Now of course, some of these Alterra partnerships are likely structured differently than the Telluride/Vail agreement. But I suspect when everything's tallied up that Alterra will be paying more to its partners than it made in Ikon revenue. Even if they manage to break even or turn a bit of a profit on Ikon, I suspect there's still at least a $20 million hole in their bottom line compared to prior operators' season pass revenue (Cali4nia + Intrawest's share of RMSP + various other areas' season pass sales). If they end up averaging -$200 each on 100k Ikon products, then that's
another $20 million gone.
Ikon passholders' ancillary spend helps a lot, of course. But some portion of those visits would have otherwise still occurred, just with day tickets added in.
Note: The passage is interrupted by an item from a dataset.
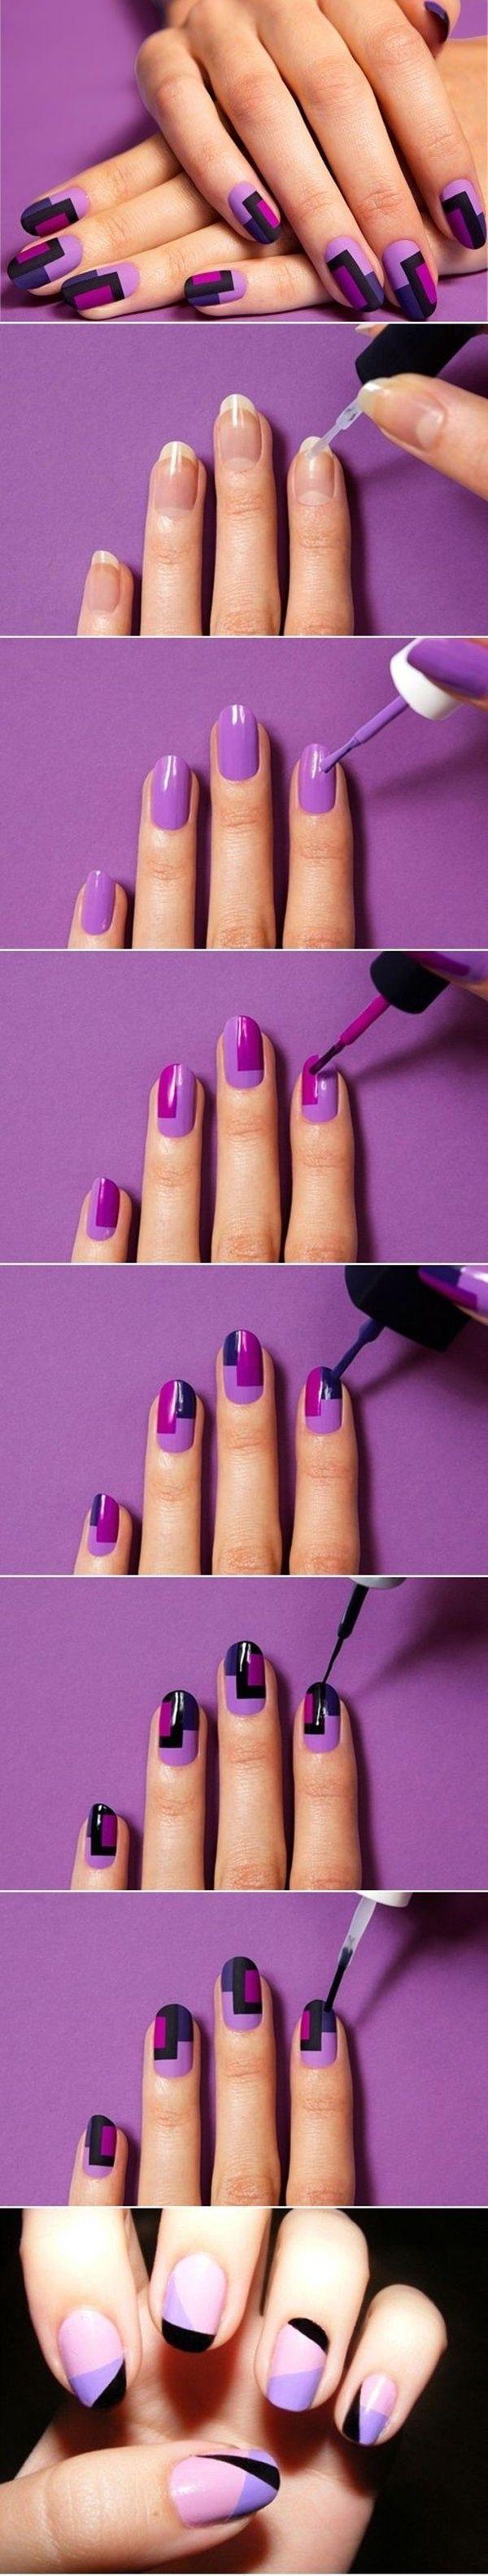 15 Super Easy DIY Nail Art Designs that Look Premium

I realize that this is relative chump change for Alterra in the current bubble, but $20 million here, $20 million there... sooner or later you're talking real money. And so far I'm not seeing any of that long-term vision of turning their motley collection of resorts into Aspen-like cash cows.
I have no doubt that Alterra's spinning this well for potential investors. But I kind of assume that the MoviePass folks were also spinning their business well. It's not a perfect comparison, but right now Ikon is looking a lot like AMC selling cheap unlimited movie passes that can be used at Regal or Cinemark, too.